== TASK DESCRIPTION ==
Each line of the material must be reproduced exactly; pictures stay out.

== SOURCE MATERIAL ==
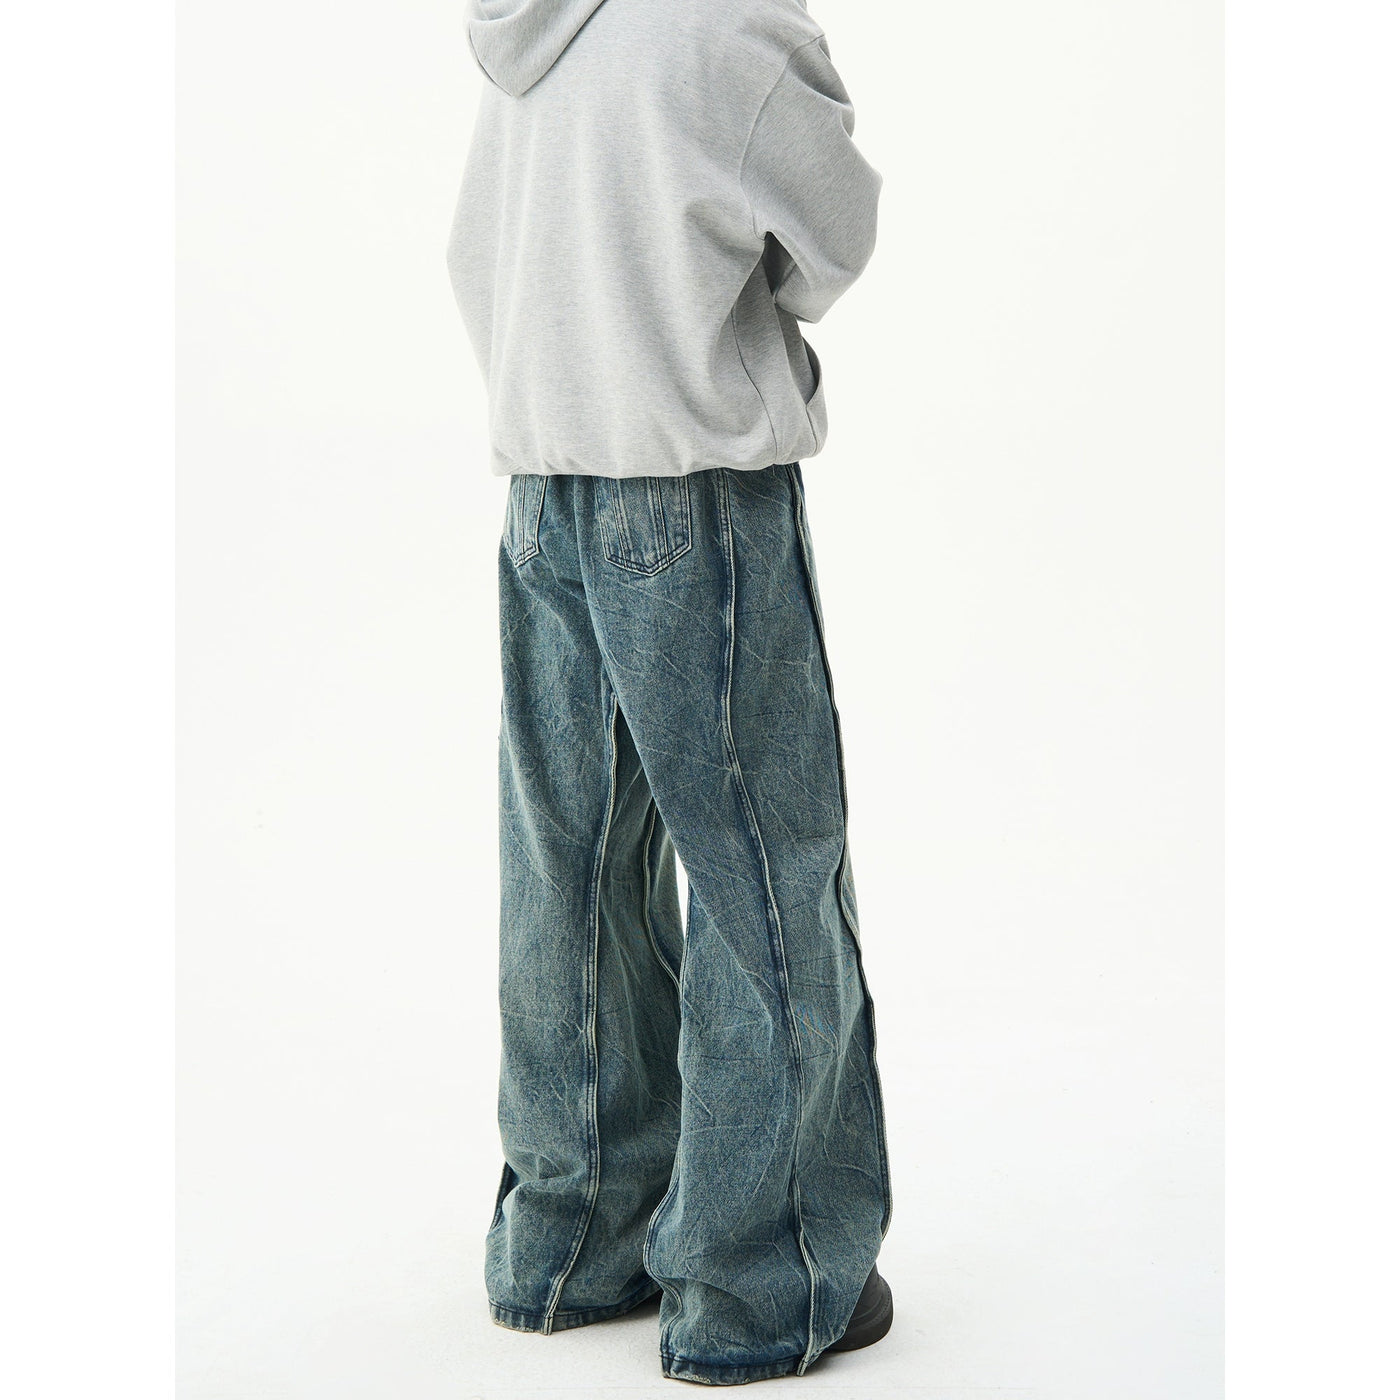 Faded Curved Pattern Jeans Korean Street Fashion Jeans By MaxDstr Shop Online at OH Vault
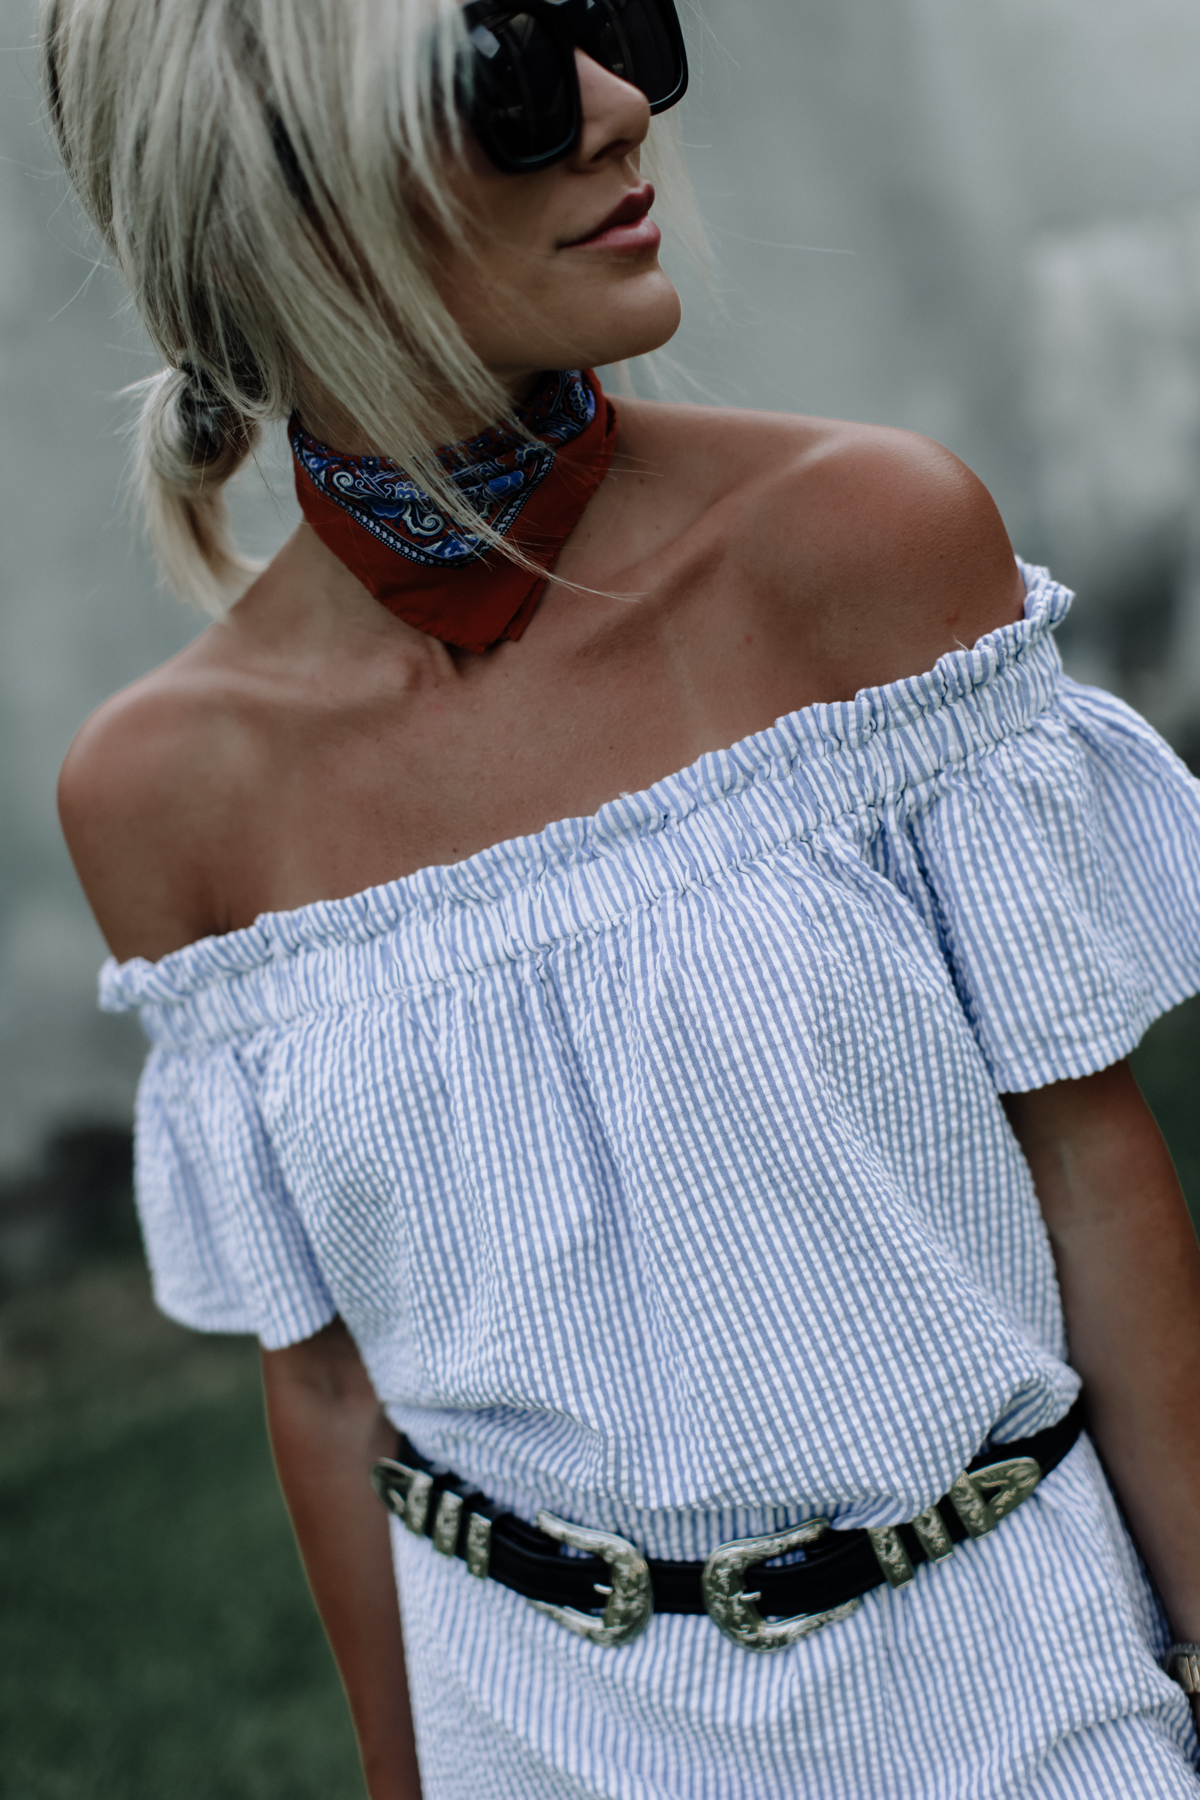 western double buckle belt with blue/white striped dress
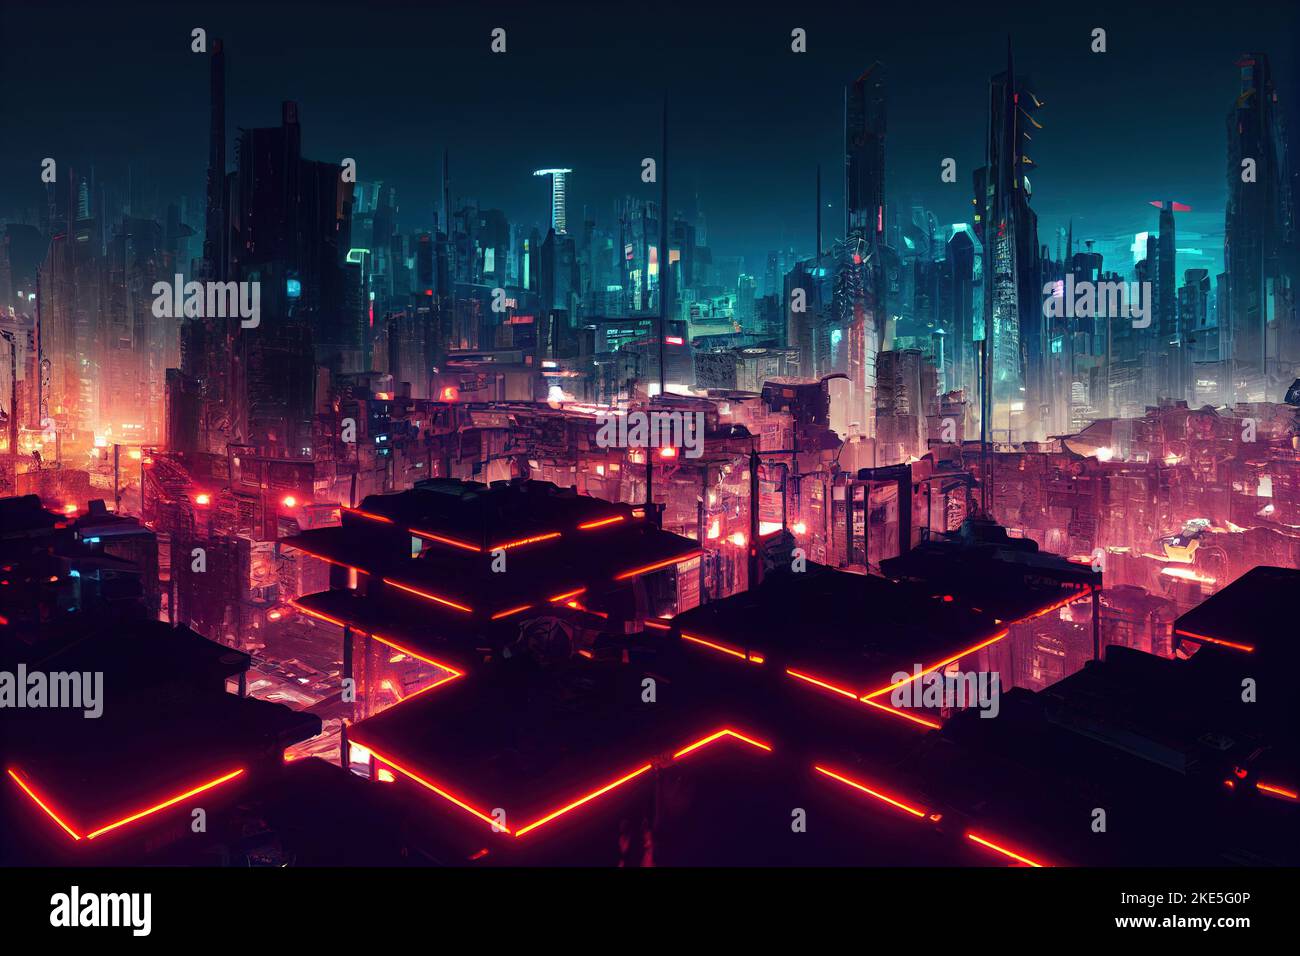 Cyberpunk Futuristic City panorama .Future Fiction with neon signs and lights. Cyberpunk city with futuristic buildings. Digital illustrations. Stock Photo

== RESPONSE TO THE TASK ==
 Faded Curved Pattern Jeans Korean Street Fashion Jeans By MaxDstr Shop Online at OH Vault
 western double buckle belt with blue/white striped dress
 Cyberpunk Futuristic City panorama .Future Fiction with neon signs and lights. Cyberpunk city with futuristic buildings. Digital illustrations. Stock Photo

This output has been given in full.